PROMPT: Leaving the pictures aside, transcribe the data below exactly.

PROVIDED DATA:
§
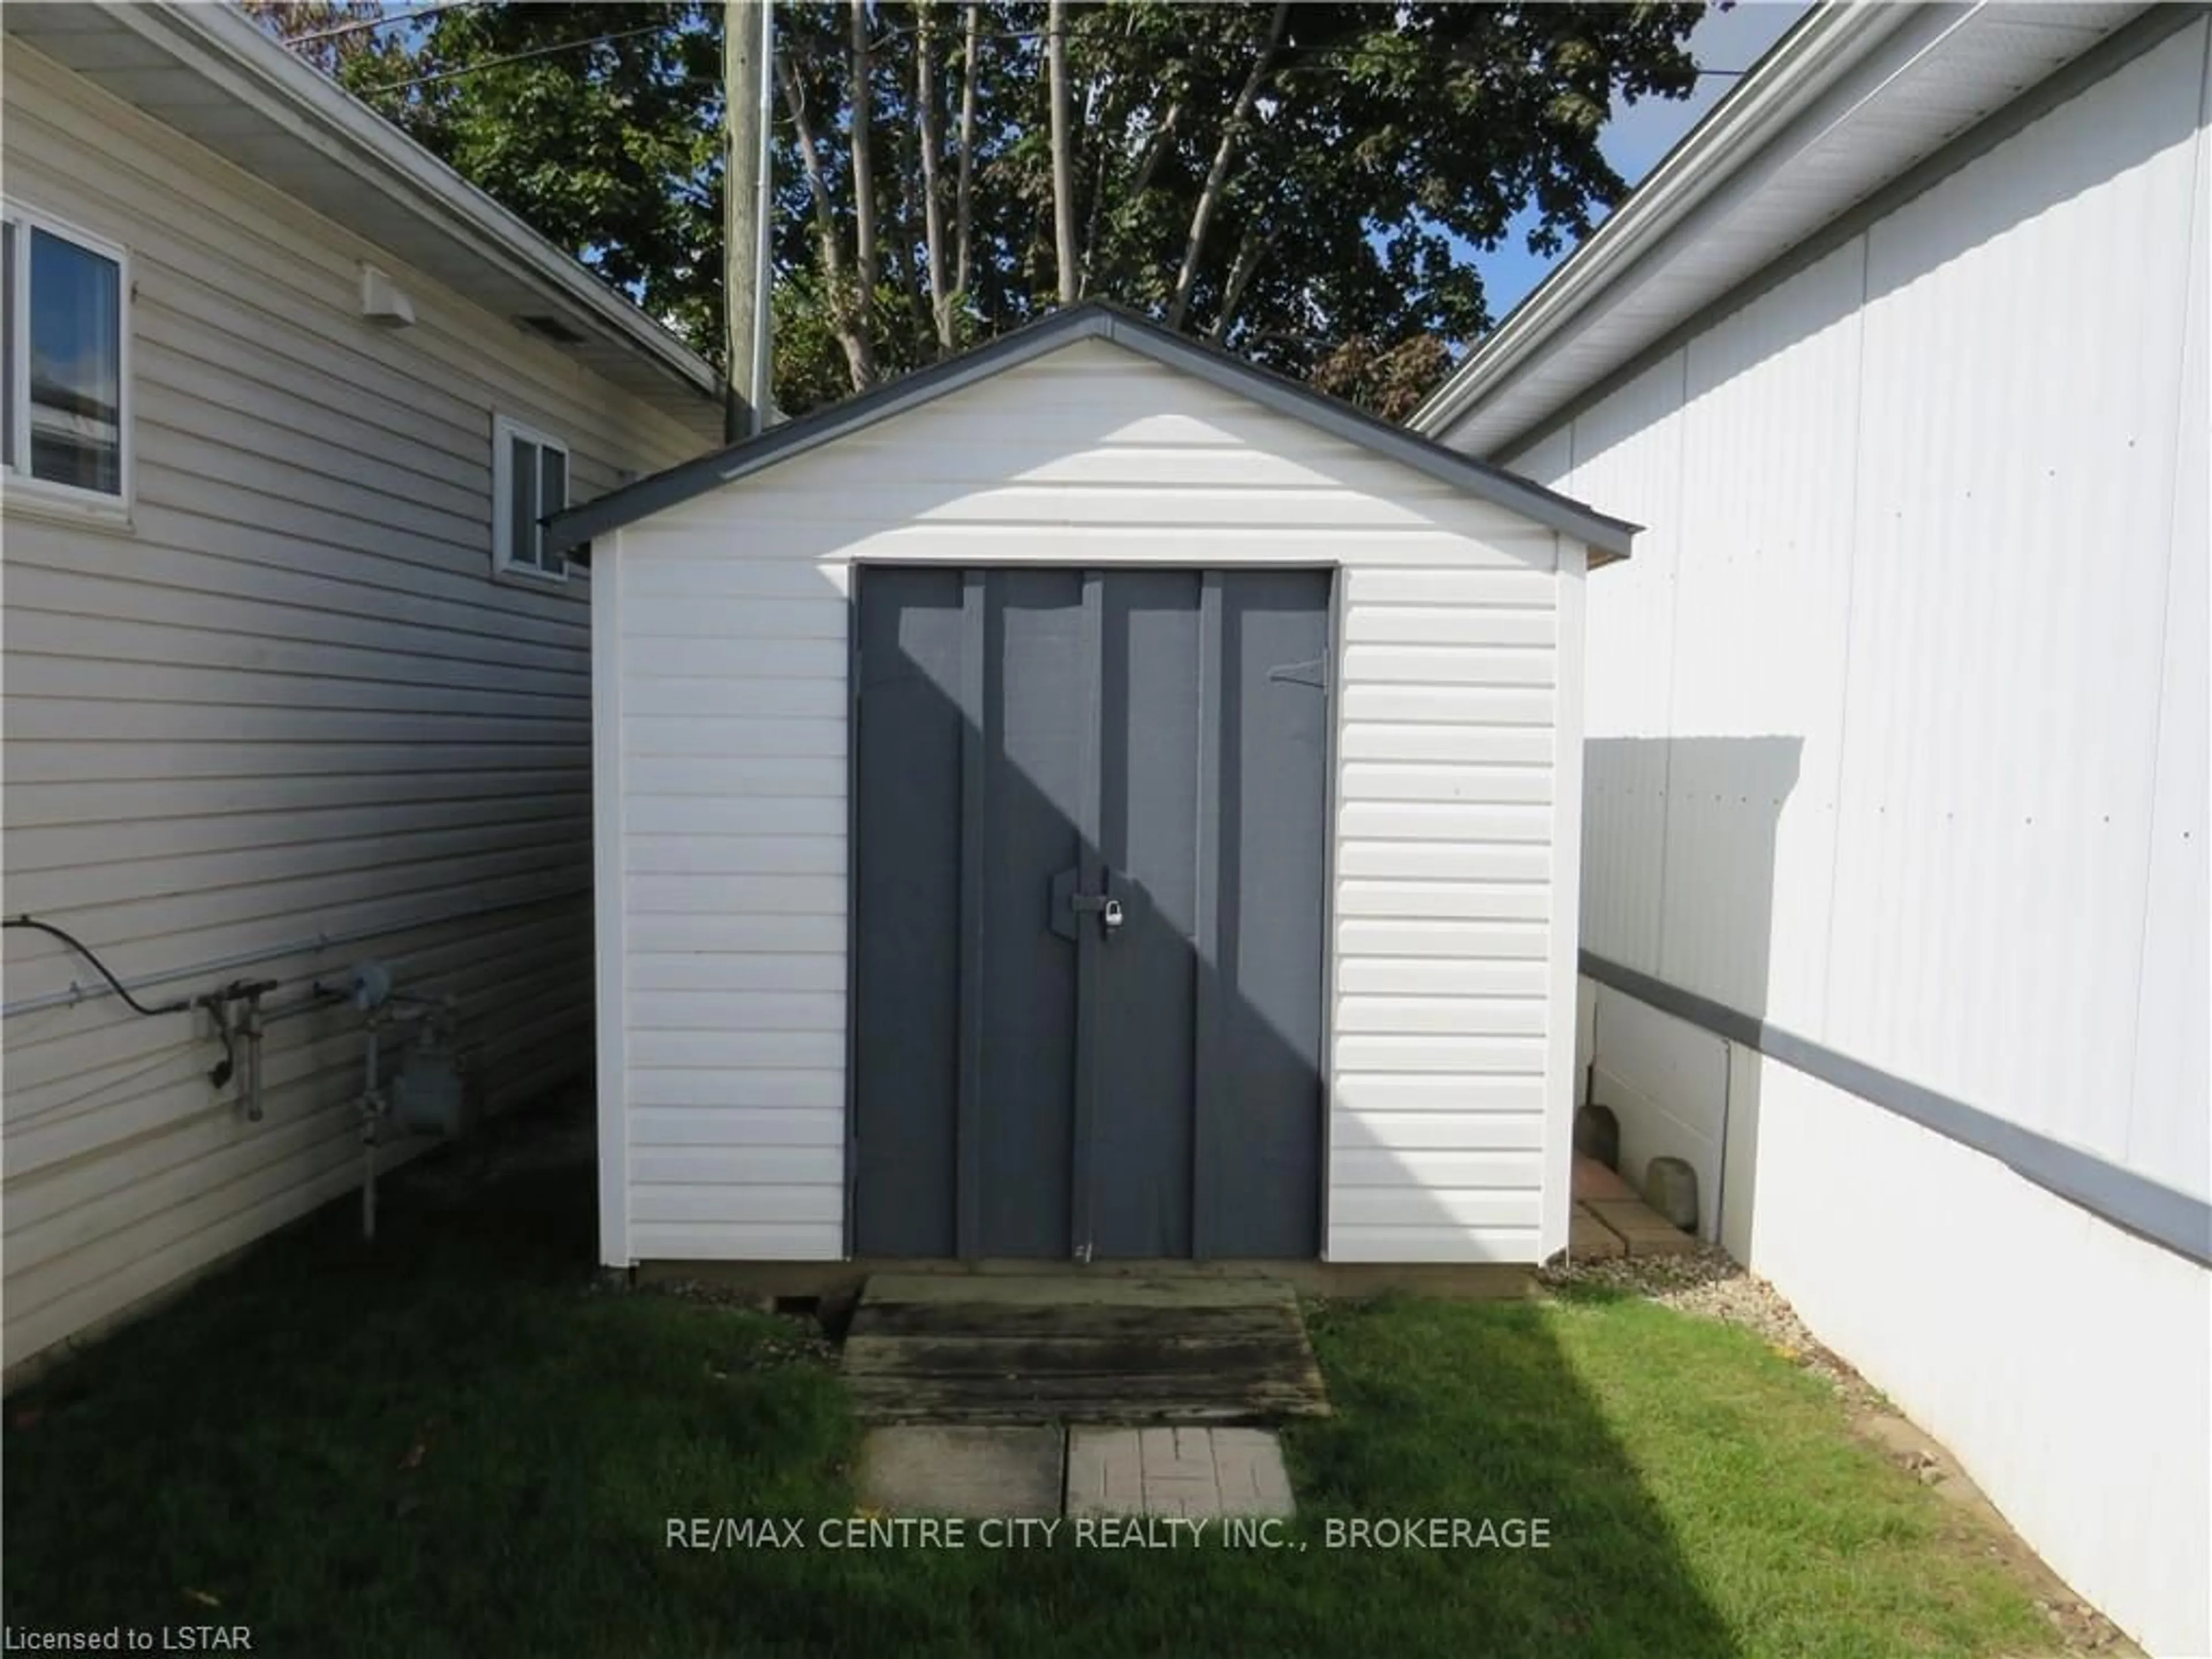 Shed for 198 Springbank Dr #121, London Ontario N6J 1G1
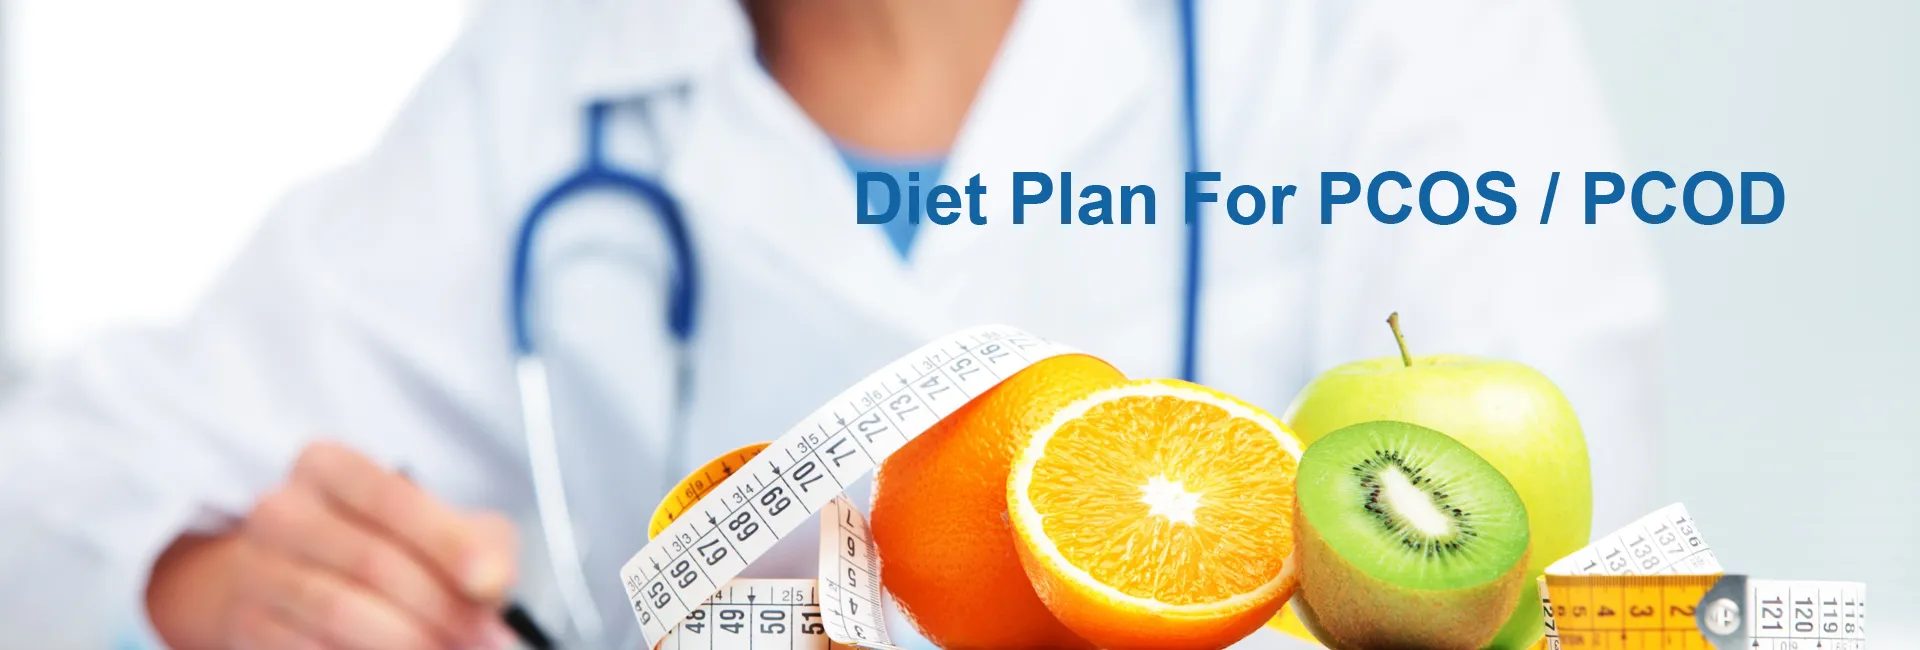 Diet Plan For PCOS / PCOD In Becancour
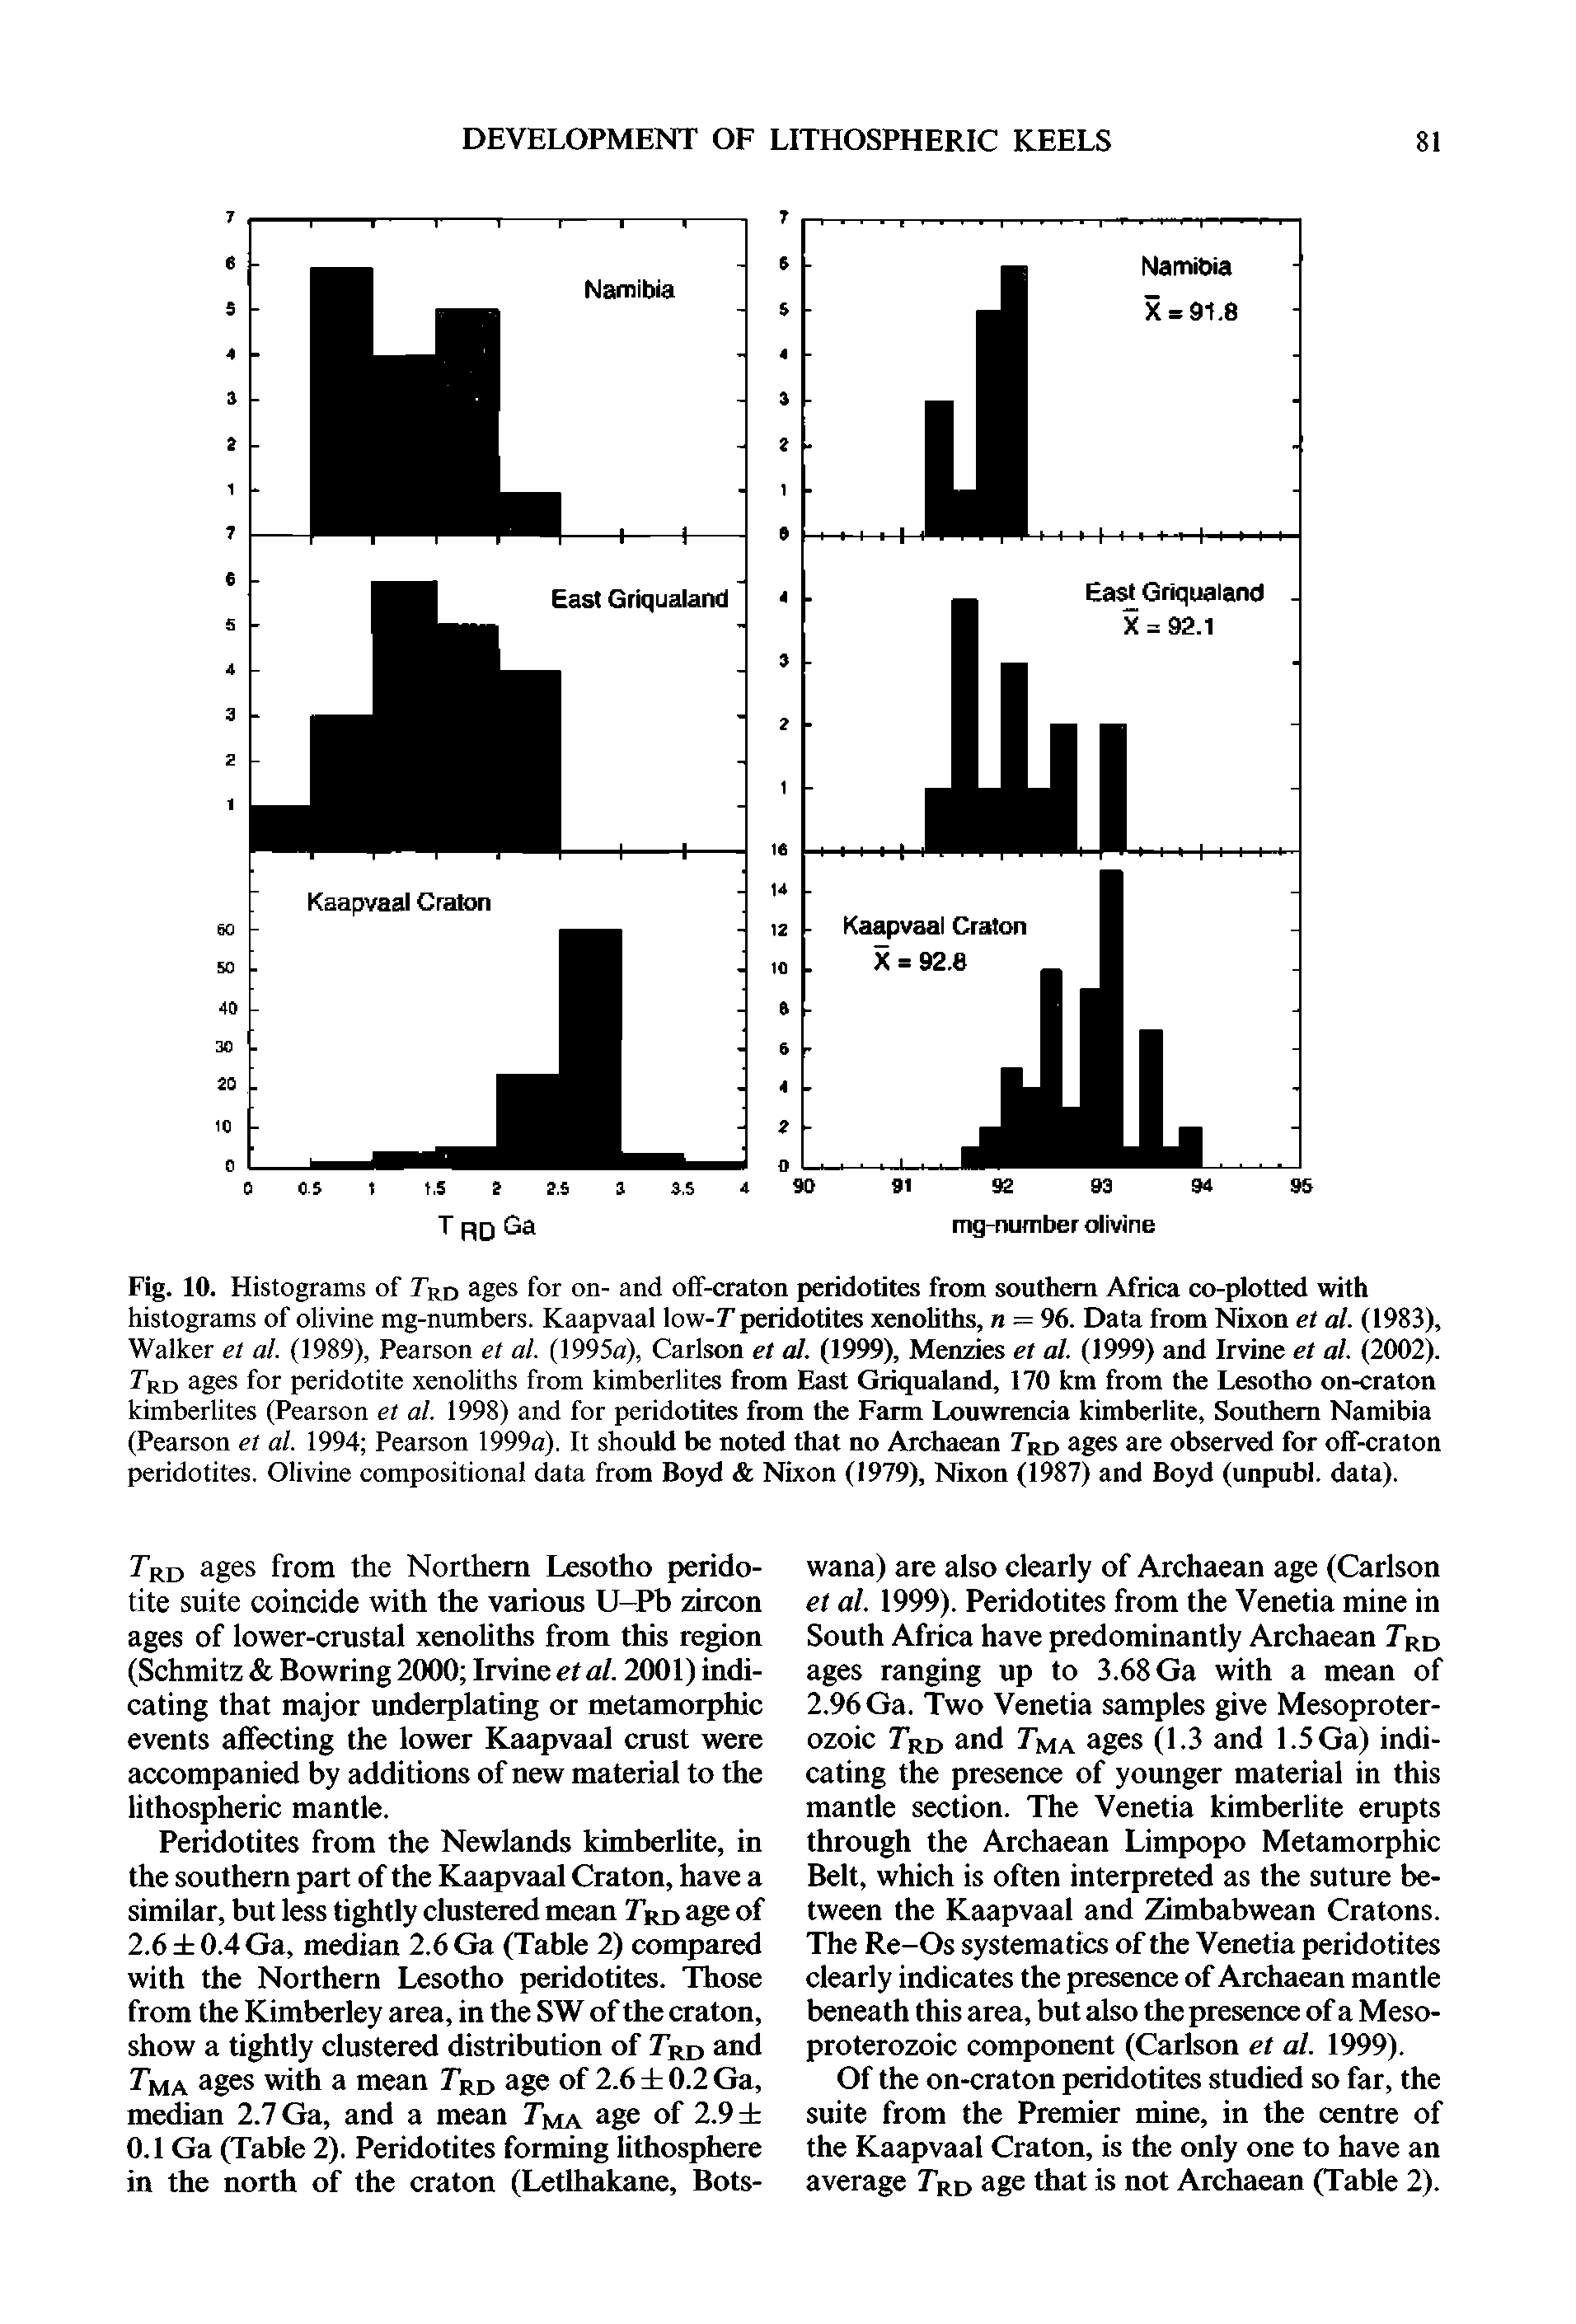 Fig. 10. Histograms of Trd ages for on- and off-craton peridotites from southern Africa co-plotted with histograms of olivine mg-numbers. Kaapvaal low-L peridotites xenohths, n = 96. Data from Nixon et al. (1983), Walker et al. (1989), Pearson et al. (1995a), Carlson et al. (1999), Menzies et al. (1999) and Irvine et al. (2002). Lrd ages for peridotite xenoliths from kimberlites from East Griqualand, 170 km from the Lesotho on-craton kimberlites (Pearson et al. 1998) and for peridotites from the Farm Louwrencia kimberlite. Southern Namibia (Pearson et al. 1994 Pearson 1999a). It should be noted that no Archaean Trd ages are observed for off-craton peridotites. Olivine compositional data from Boyd Nixon (1979), Nixon (1987) and Boyd (unpubl. data).
§
EXPECTED OUTPUT:
 Shed for 198 Springbank Dr #121, London Ontario N6J 1G1
 Diet Plan For PCOS / PCOD In Becancour
 Fig. 10. Histograms of Trd ages for on- and off-craton peridotites from southern Africa co-plotted with histograms of olivine mg-numbers. Kaapvaal low-L peridotites xenohths, n = 96. Data from Nixon et al. (1983), Walker et al. (1989), Pearson et al. (1995a), Carlson et al. (1999), Menzies et al. (1999) and Irvine et al. (2002). Lrd ages for peridotite xenoliths from kimberlites from East Griqualand, 170 km from the Lesotho on-craton kimberlites (Pearson et al. 1998) and for peridotites from the Farm Louwrencia kimberlite. Southern Namibia (Pearson et al. 1994 Pearson 1999a). It should be noted that no Archaean Trd ages are observed for off-craton peridotites. Olivine compositional data from Boyd Nixon (1979), Nixon (1987) and Boyd (unpubl. data).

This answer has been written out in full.